Which is completely fucked but if I dig any further into this trench I may never find my way back to my point.
It is due, in part, to my fascination with the idea of a stone journalist that Transmetropolitan sits atop my list of greatest comics of all time. And I could talk for days, seriously, about Transmet. I even included a reference to it both in my first movie and in my toast at Xoph Daddy’s wedding. And if you ever meet me on the street and ask me what the finest moment in comic book history is, I’ll tell you it’s when Spider Jerusalem put on a shirt. But inside the blacker than pitch tone and cybernetic enhancements of Transmet, it’s the hope that makes it brilliant. It’s the humanity that makes it burn.
Transmet is genius.
But more than hope through gritted teeth these days what i want to see is hope inside open arms. More than the corrupt being taught a lesson with a bowel disruptor I want to see them taught a lesson with a defibrillator. These people have hearts, too. Even Glenn Beck inside the fear and the flab and the lies and the hate and the tears and the bullshit, somewhere in there, I have to believe, is a heart. Maybe he just need a jump-start.
Which brings me to DMZ.
I read the first trade of DMZ a few nights ago and I fell in love, much the way I fell in love with the likes of Y the Last Man and Kabuki. Hard and at first sight.
In DMZ we see a New York through the lens of a young, neophyte journalist.
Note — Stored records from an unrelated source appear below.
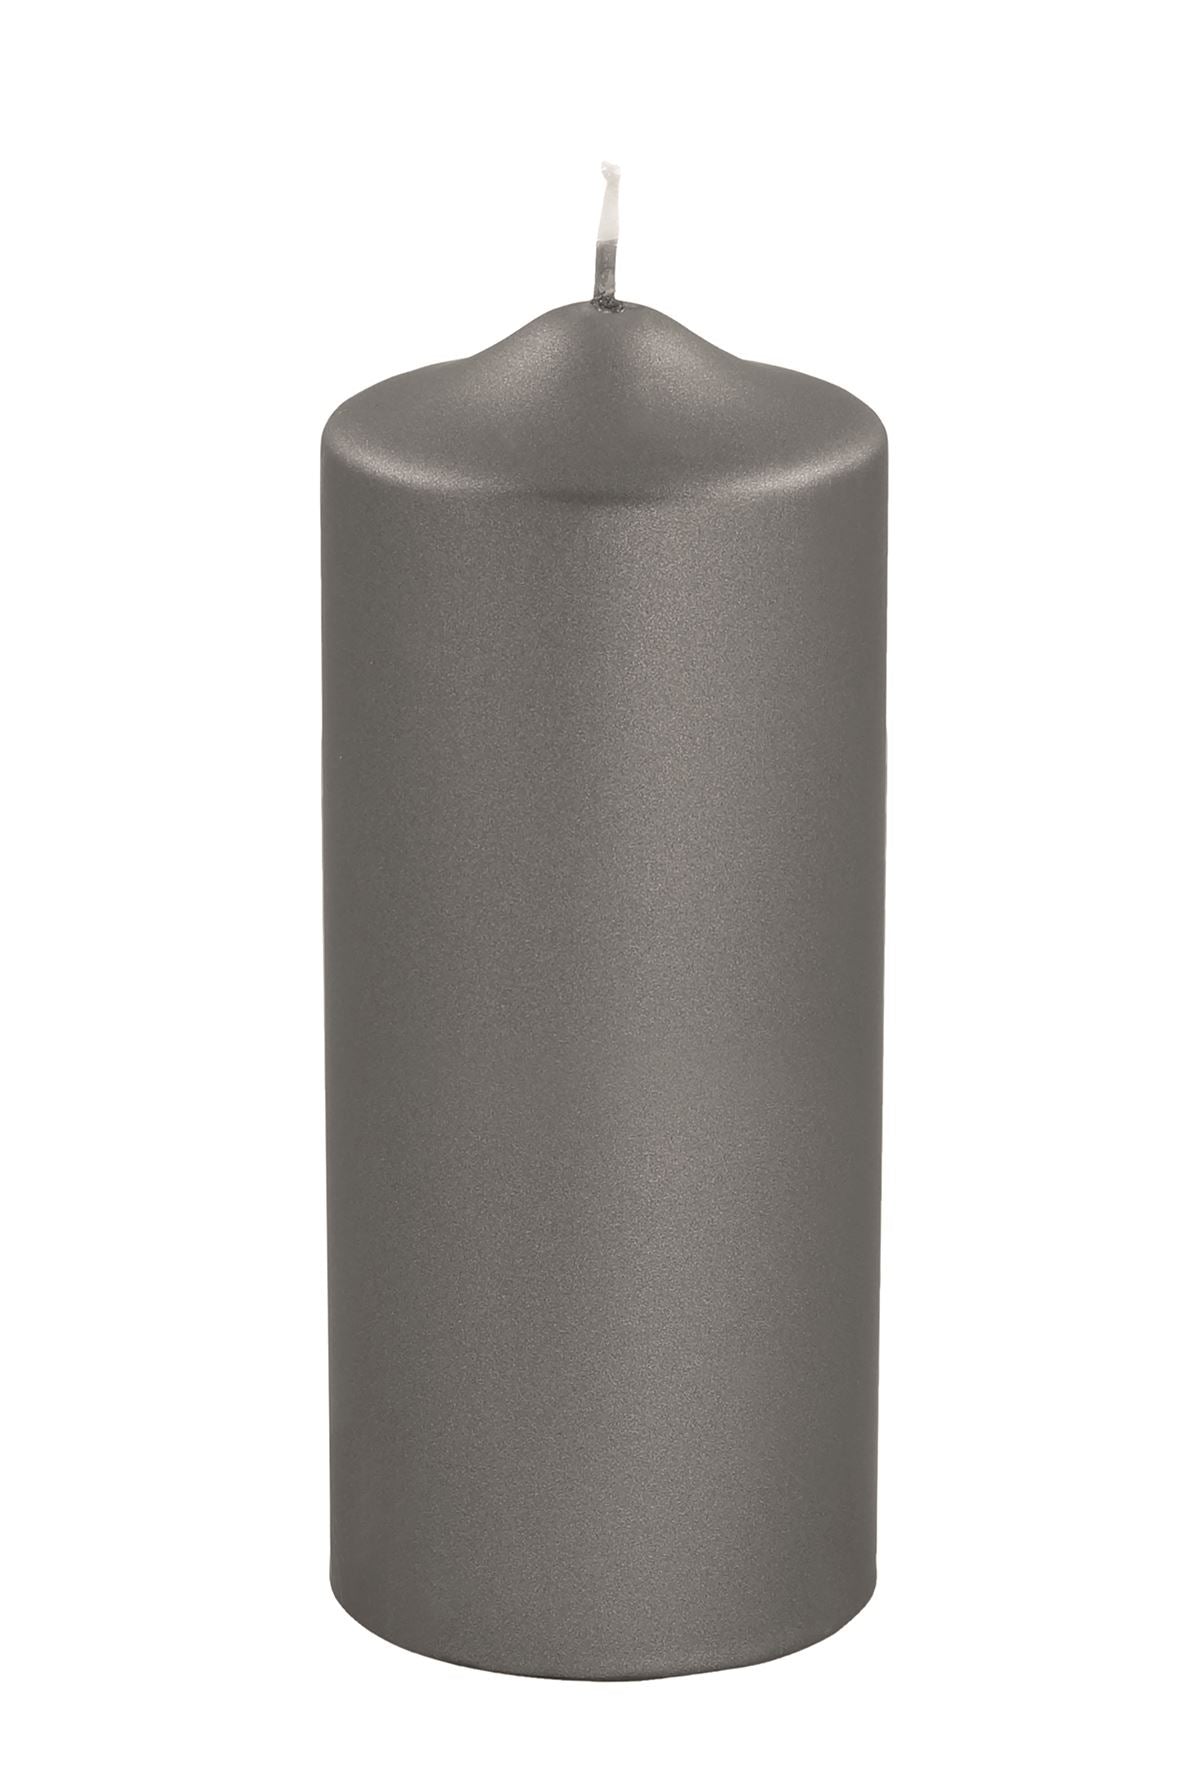 Fink metallic Stumpenkerze Candle grau Paraffin Höhe 20 cm
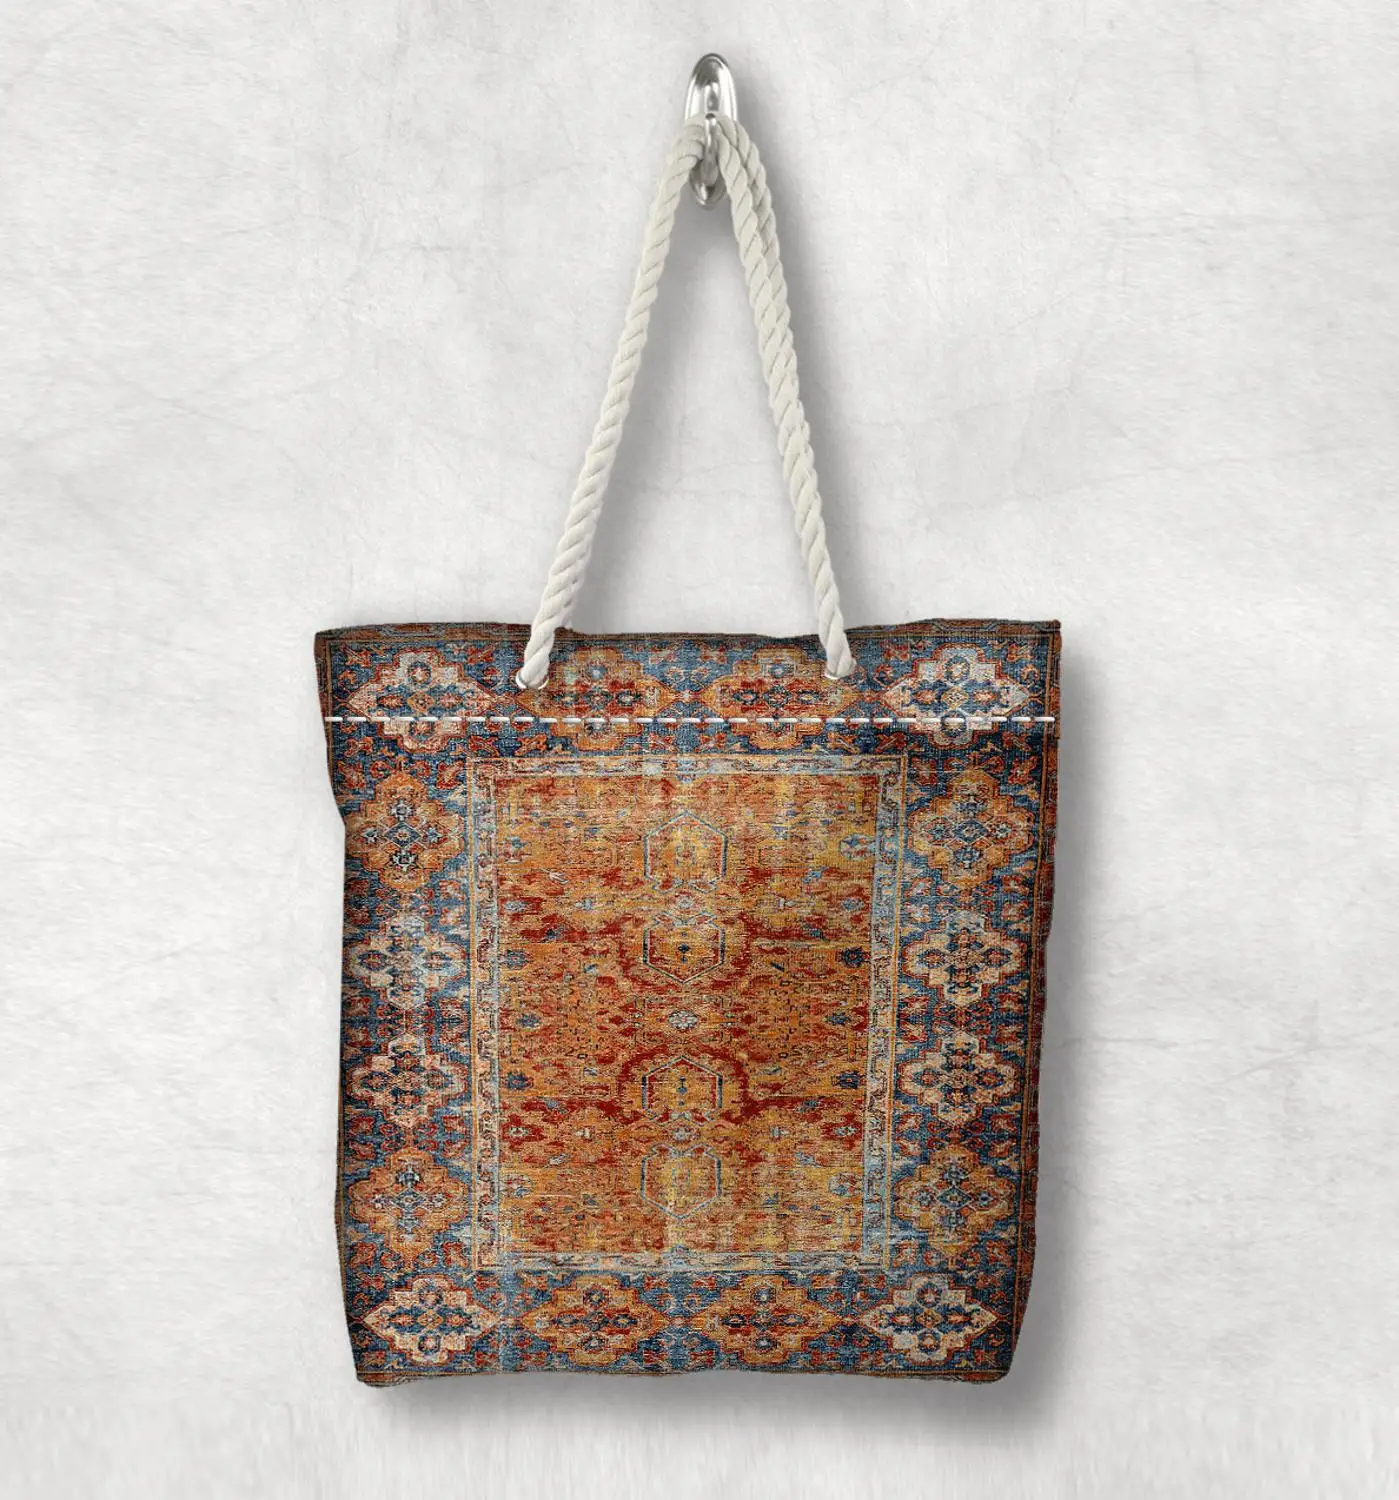 

Else Orange Brown Turkey Anatolia Antique Kilim Design White Rope Handle Canvas Bag Cotton Canvas Zippered Tote Bag Shoulder Bag
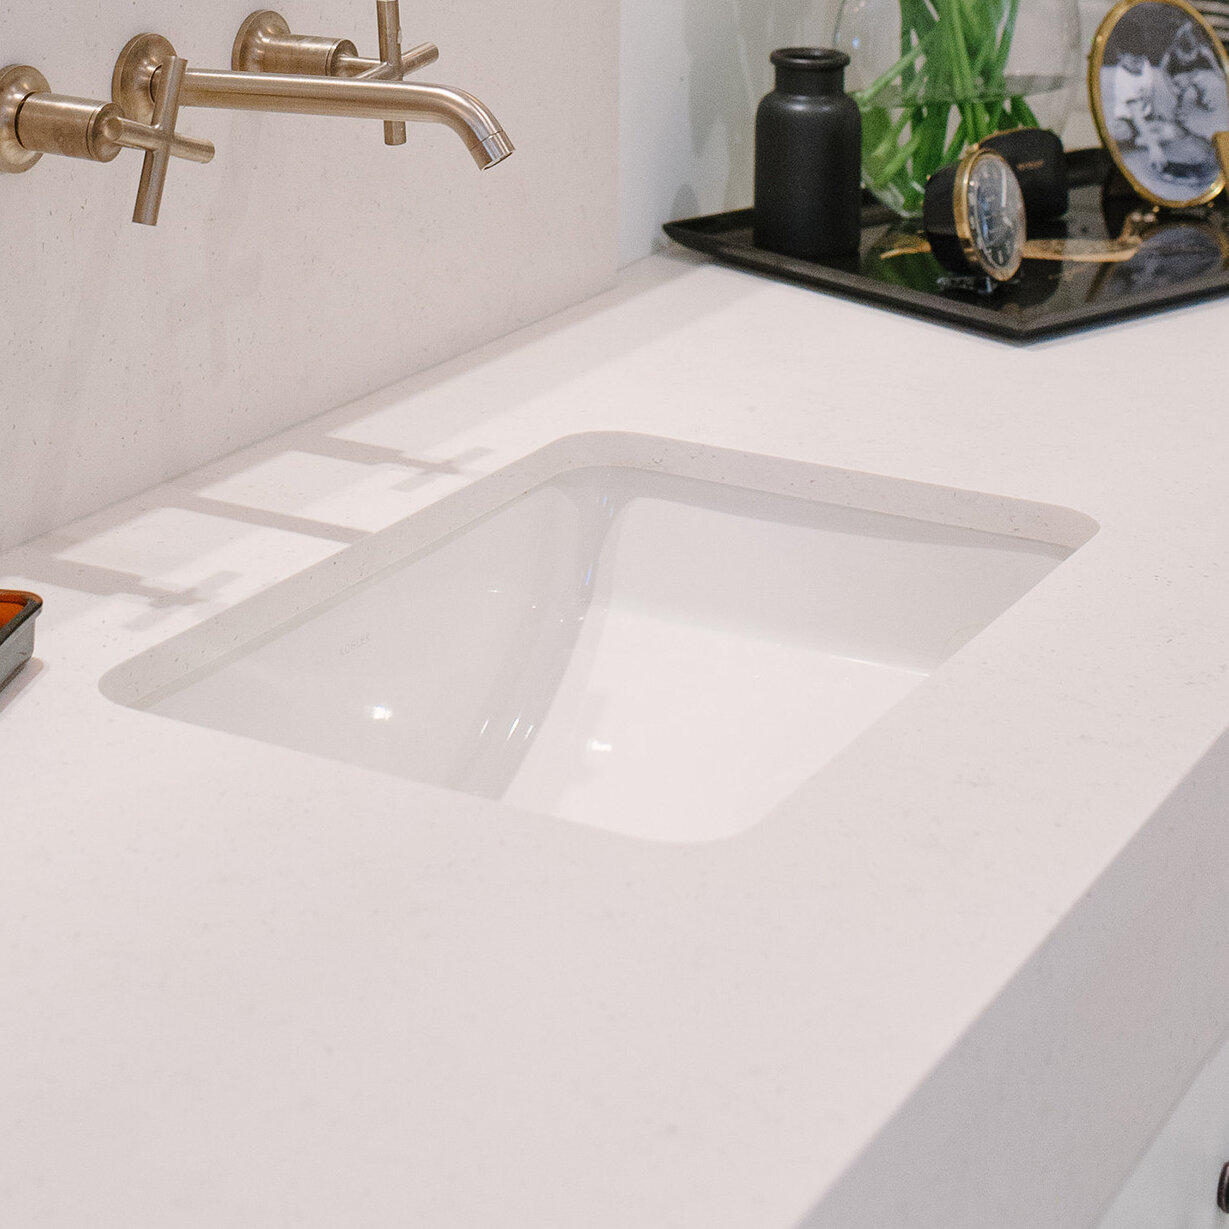 Kohler Ladena Finish Ceramic Rectangular Undermount Bathroom Sink With Overflow Reviews Wayfairca

And what we see, for those of us who’ve been lucky enough to get that city, the city, under our feet is at once a New York we’ve never dreamed of and the New York we’ve known all our lives.
Brian Wood’s New York is war-torn and savage, broken and kind, suspicious and receptive, innocent and experienced, feared and all but abandoned by the outside world and still the crossroads of the universe. A New York that refuses to die or even bend under skies raining smartbombs and daisycutters. A New York of communities that care for their denizens as best they know how. A New York that protects its own. A New York that is enigmatic and as much completely separate as it is completely central to a nation.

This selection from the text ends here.